SUPPER CLUB ‘Finding Voices’ – Marcus Solomon

Thursday 25 APRIL 2019, 18h00

This month’s Supper Club guest is Marcus Solomon, who is particularly well-known in recent years for his unfaltering commitment to children’s rights – particularly the rights of young girls. However, Marcus has a much longer history of struggle (see brief bio below) and we are very pleased that he has agreed to be the Museum’s Supper Club guest speaker for April.

Please join us for an evening of delicious food and good conversation on:

Thursday 25 April 2019

18h00 – 20h30

District Six Museum Homecoming Centre, 15 Buitenkant Street

Cost: R 150 (R130 if prepaid) / R 75 for children

Enquiries and bookings: Chantal – reception@ / 021 4667200

Advance bookings can also be made through Quicket

Introducing Marcus Solomon

Marcus Chinasamy Solomon was born in Grahamstown in 1939 of working-class parents. He started schooling there and later completed his high school and teachers’ training at the Trafalgar High School in 1961. It was during his time at the Teachers’ Training College that he became politically active.

During the late 1950s and early 1960s he was active in various student and political organisations including the Cape Peninsula Students Union (CPSU), the Non-European Unity Movement and the African People’s Democratic Union of Southern Africa (APDUSA).

In 1961 he helped to launch the National Liberation Front (NLF), an underground organisation aimed at overthrowing Apartheid by means of armed struggle. In August 1963 he was detained for three months. In October 1963, he was formally charged together with ten others, for conspiring to overthrow the South African by means of armed struggle. In April 1964, after a trial of seven months, they were found guilty. He was sentenced to ten years imprisonment, all of which time he served on Robben Island. On being released in April 1974, he was banned and placed under house arrest for five years.

Ever since his release from prison in 1974 he has been a political and community activist. From being involved in community housing struggles, education, the formation of the UDF and more recently, in his activism for children’s rights, Marcus has committed his life to the struggle of people for freedom.

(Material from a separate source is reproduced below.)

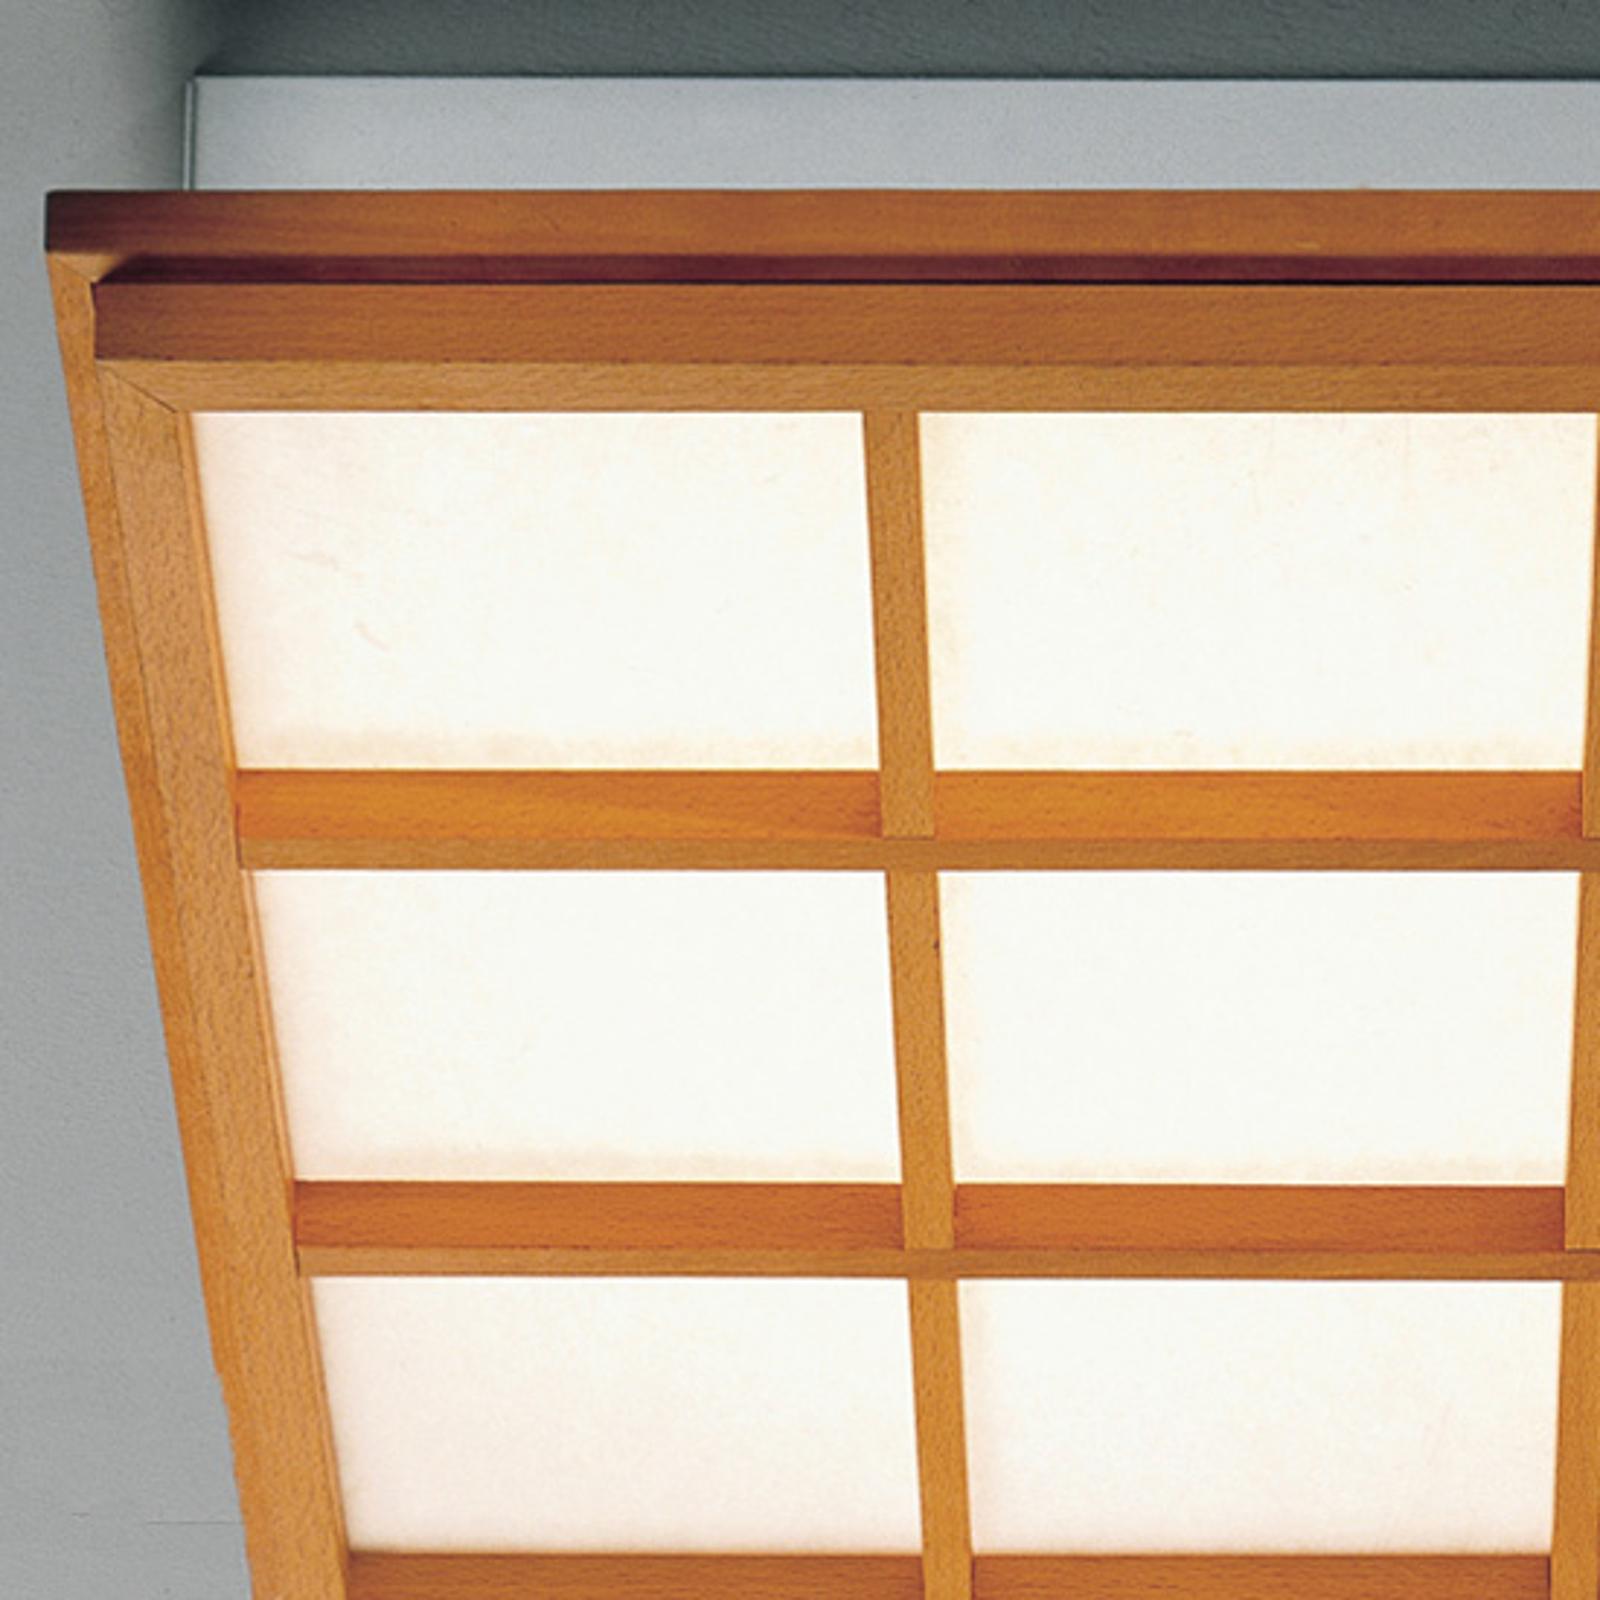 Pyökkipuinen kattolamppu Kioto9 led-lampulla

He truly represents one of the many living archives in our country, and we look forward to his Supper Club reflections emerging from his wealth of experience. Issues of identity have always surfaced in different ways and in different forms over the years, and Marcus is keen to share some thoughts and provoke discussions on the nature of our complex South African identity.

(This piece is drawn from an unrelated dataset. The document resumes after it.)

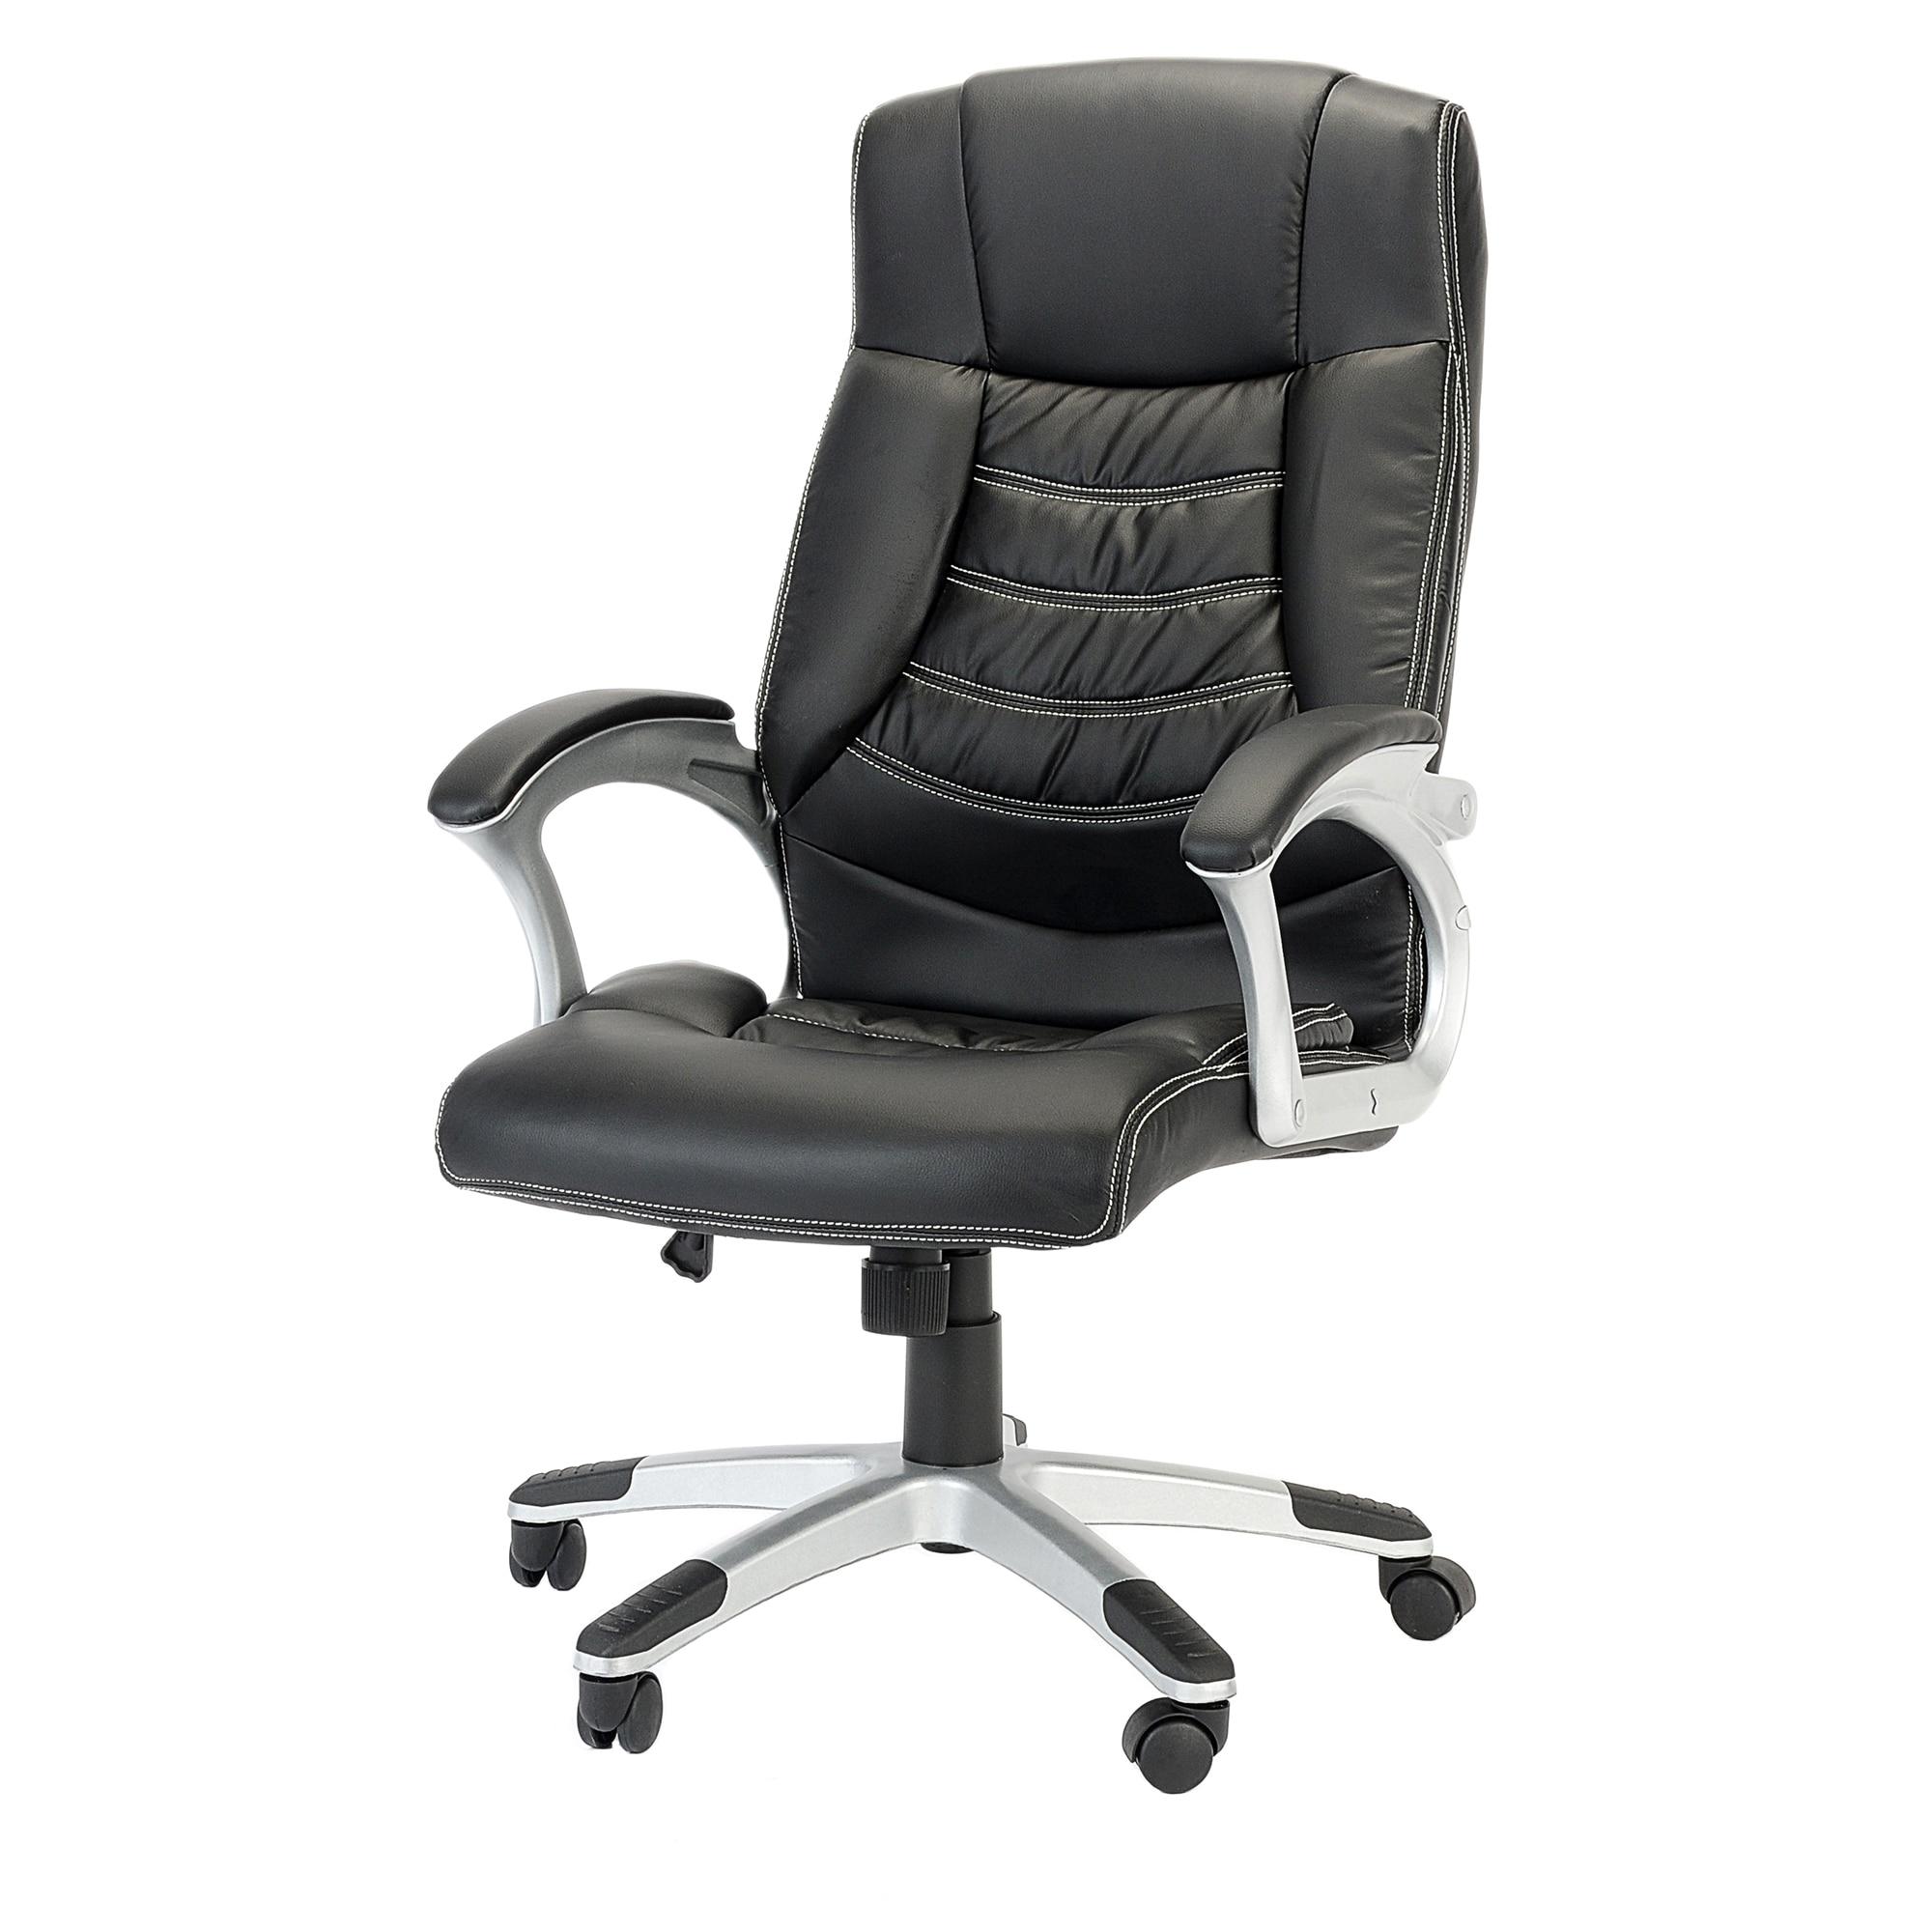 ergonómikus szék 17000 ft

About the District Six Museum Supper Club

With its origin story firmly located in the practice of oral narratives, the District Six Museum is often described as an entity which ‘gives voice’ to people who have been rendered voiceless. Most times the people being referred to are those who have been displaced under Apartheid.

While acknowledging the affirmation that might be intended by that perspective, we self-identify somewhat differently, always believing that people have voices and express themselves regardless of whether organisations such as the District Six Museum exist or not. We see ourselves more on the level of creating opportunities for listening, and offering platforms for the existing voices of people to be heard, amplified and supported. It seeks out stories that are already in circulation, in order to strengthen its own understandings of what it means to be a platform for multiple and even discordant voices.

The difference might seem trite and subtle, but it is an important one which keeps us from speaking on behalf of people and usurping their voices. Hence, this 2019 theme signals our conscious attempt to actively find different voices.

The District Six Museum Supper Club is entering its fifth year of existence. It flowed from an exploration of the many ways in which ‘homecoming’ could be practically interpreted in actualising the intention of the Homecoming Centre. The common symbolism of community and sharing inherent in the idea of tables is referenced here: round-tables, ‘sitting around the table together’, the long-table concept, combined with the Cape Town practice of ‘gooi ‘n tafel’. This literally, means ‘throw a table’ (as in ‘throw a party’) and is particularly familiar to people from District Six and the Bo Kaap. It references the tables that were laid out by families  for Christmas Choirs, Malay Choirs and Minstrels during the Christmas and New Year holiday period.  Laden with seasonal fruit like watermelon as well as pastries and cakes, the tafels were decidedly celebratory, signalling the culmination of the year-long preparation of rehearsals, voice-training and costume-making.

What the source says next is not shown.